Mean while, two or three evenings a week, Harland and I drove 5 or 6 miles in his Ford Model T, later a Model A to the flats along the Thames. On a good evening, we would score 3 or 4 kills each, head shots on the adults, body shots on the pups, using stealth, stalking and the curiosity of a ground hog to raise his head from one of the holes into the den for a look-see, after going to ground. I bought my prewar BSA Model 12 .220 at that time with the great vernier tang peep sight. I could if the head was plainly vissible get kills out to about 75 yds. None of this shooting, BTW was offhand, sitting, fence post or whatever available.

So, is a .22LR OK for ground hogs, very much so but go for head shots after stalking. This hunting was for me the prairie equivalent of a 500 yds stalk to bag an antelope! :cheers: The days when a kid could ride a bicycle for miles on country roads with a rifle slung over his shoulder and do the farmers a good turn by keeping the ground hogs in check.

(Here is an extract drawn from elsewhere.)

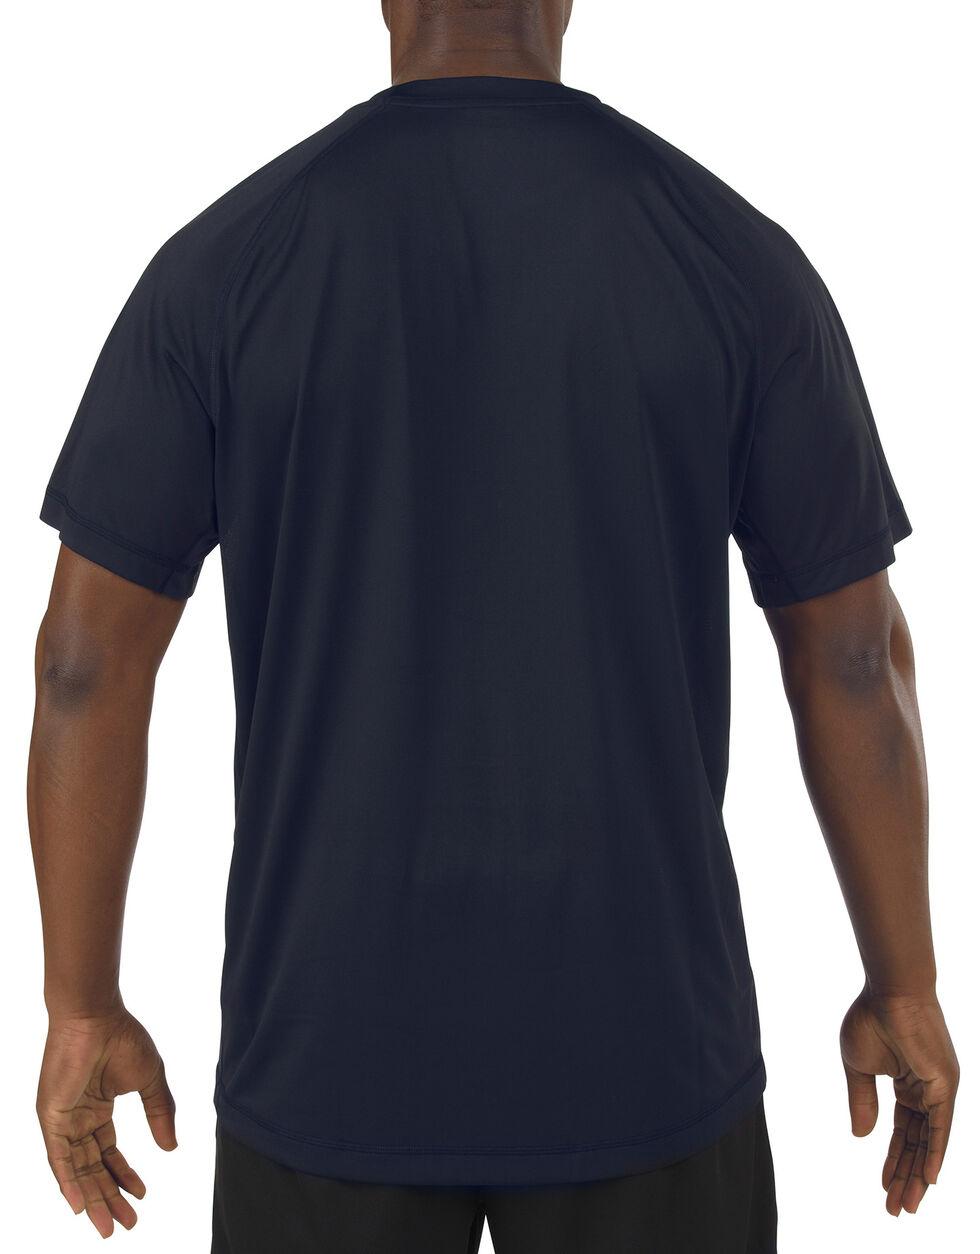 5.11 Tactical Utility PT Shirt, Navy, hi-res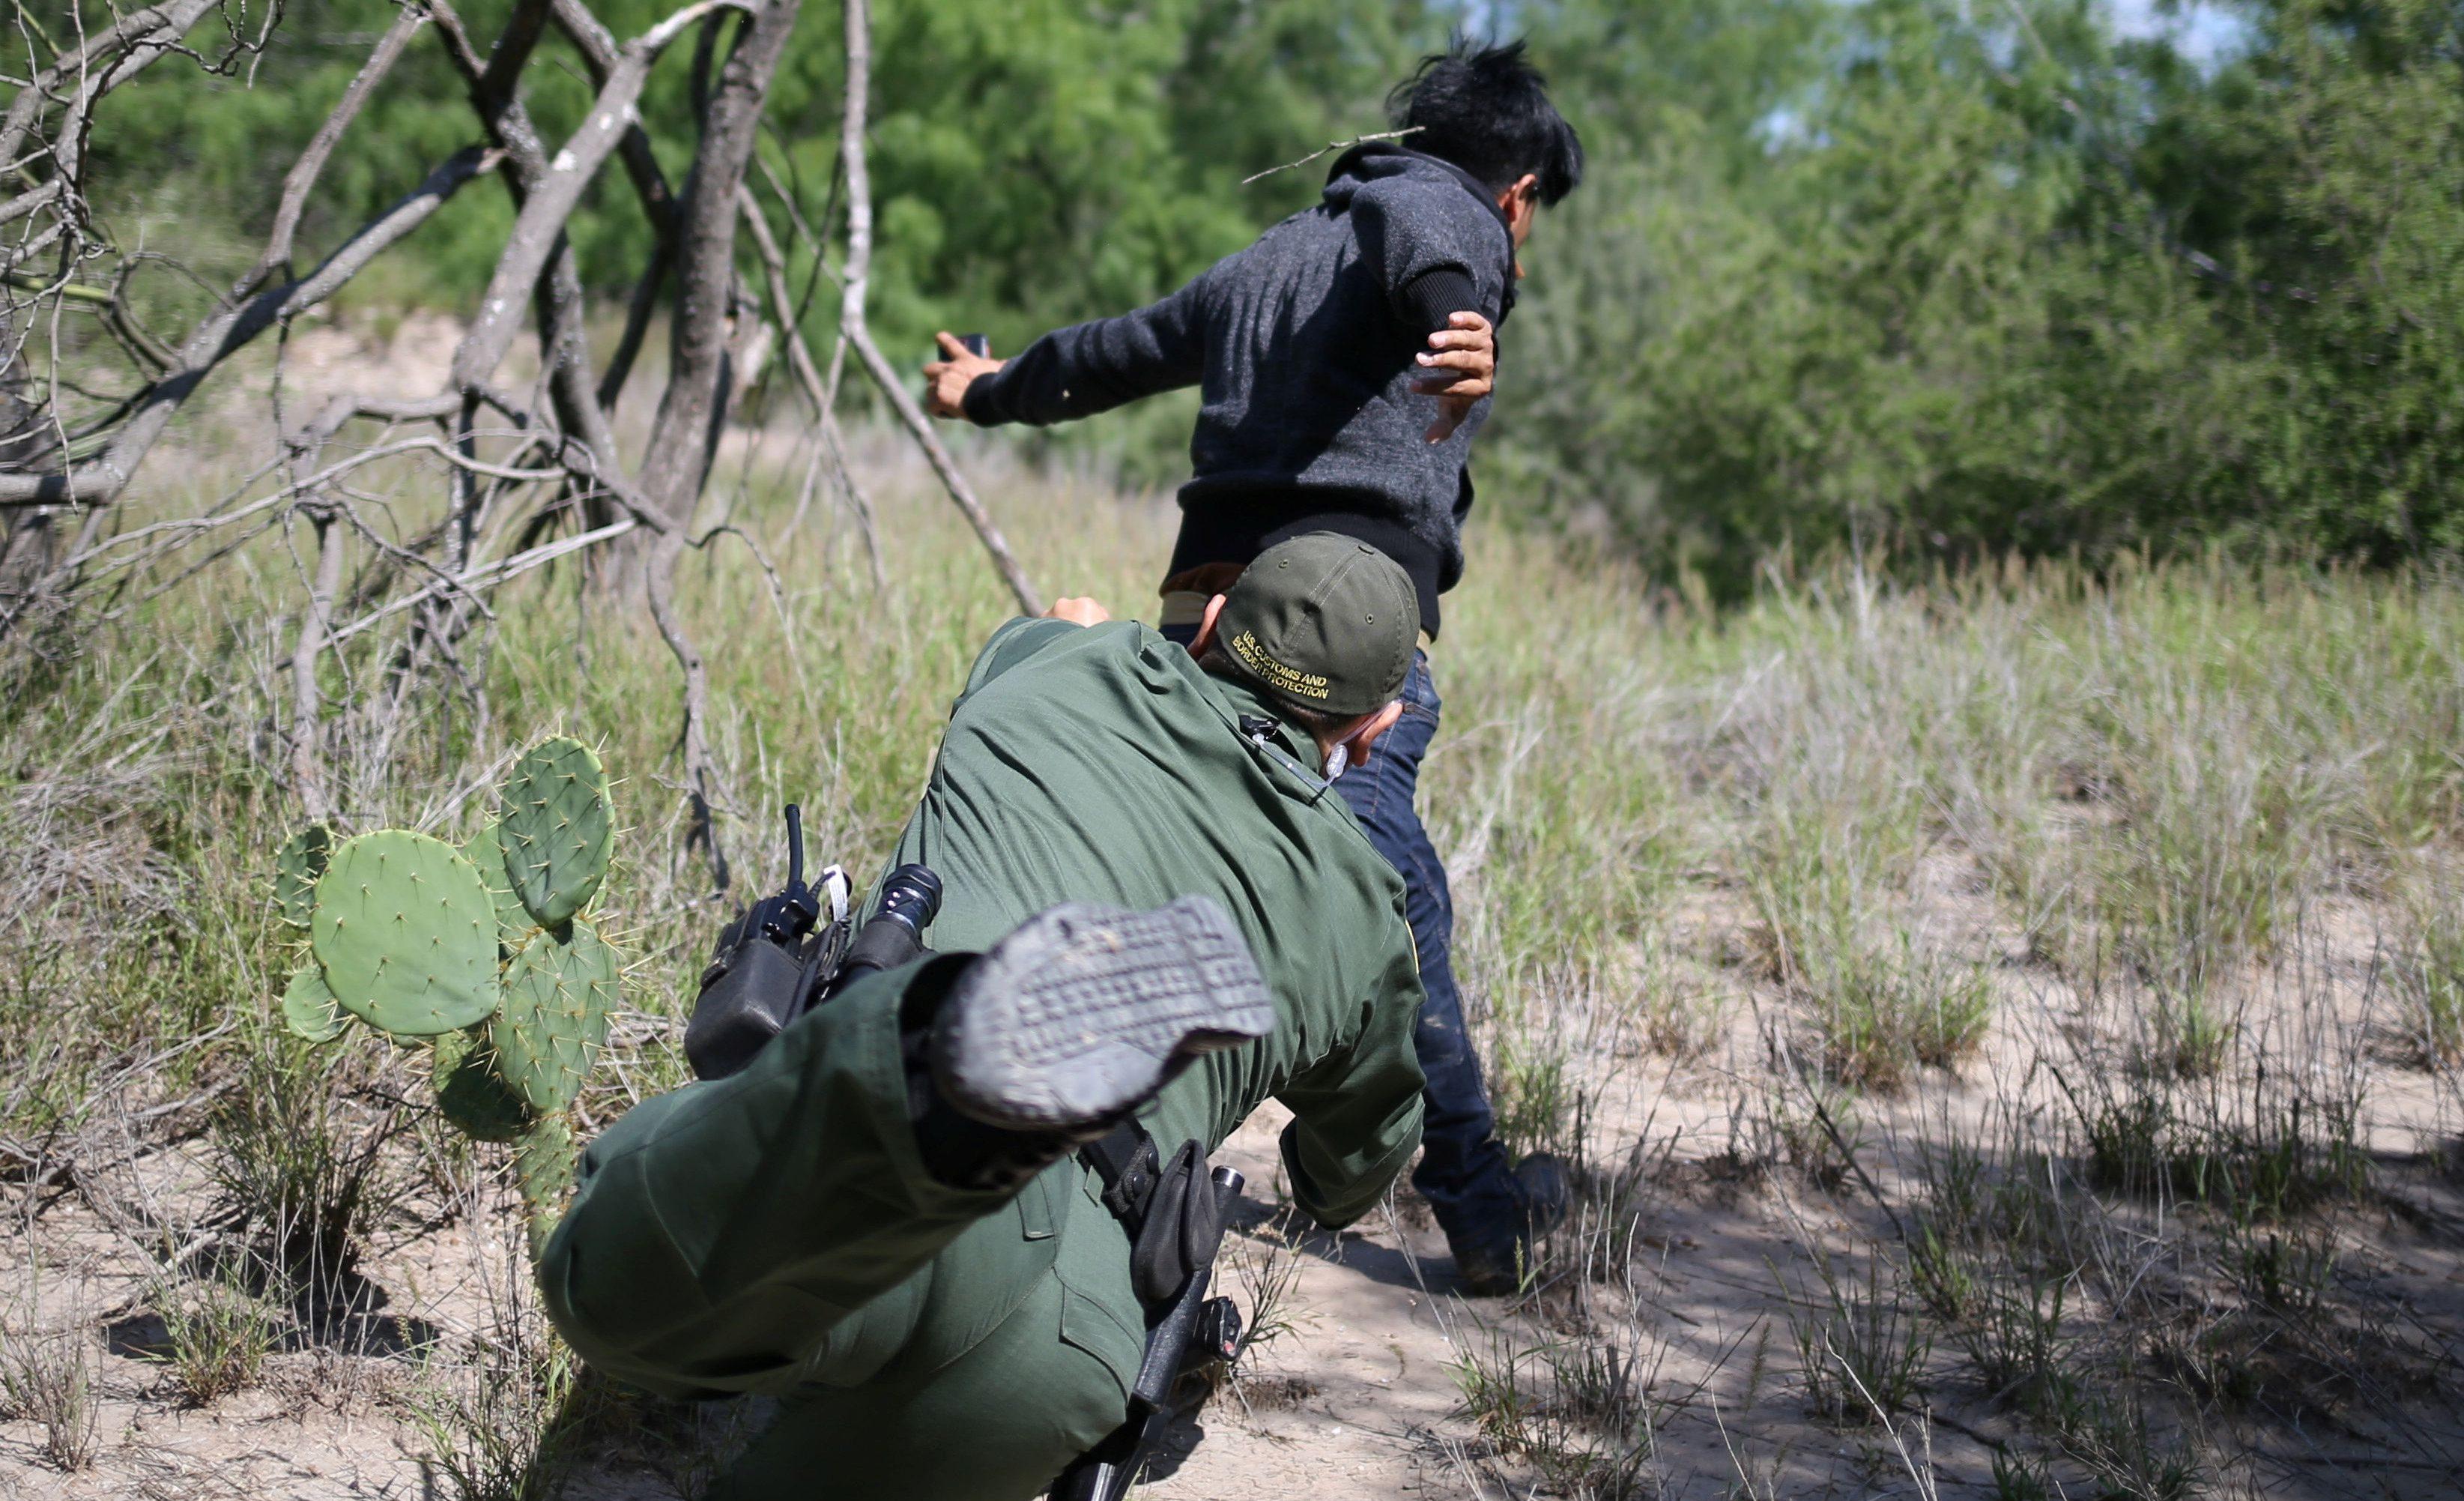 A man who illegally crossed the Mexico-U.S. border evades a U.S. Border Patrol agent near McAllen, Texas, U.S., May 8, 2018.

I regret that I never ate a ground hog but knew people that did, cutting out the glands in the arm pits, skinning soaking in salted water and slow cooking the dark meat. Said to be excellent. And the old timers would dehair the hides, and cut them for boot laces, no round slippery synthetic cursed laces then.:)
 
I'd set a 60 yrd limit on the 22 LR for pretty much anything you could hunt with it. The 17 HMR has served me well out to 150 yrds on groundhogs and crows but I use mine for shooting pests around the farms I hunt. I use my 22-250 for coyotes and general varmint hunting.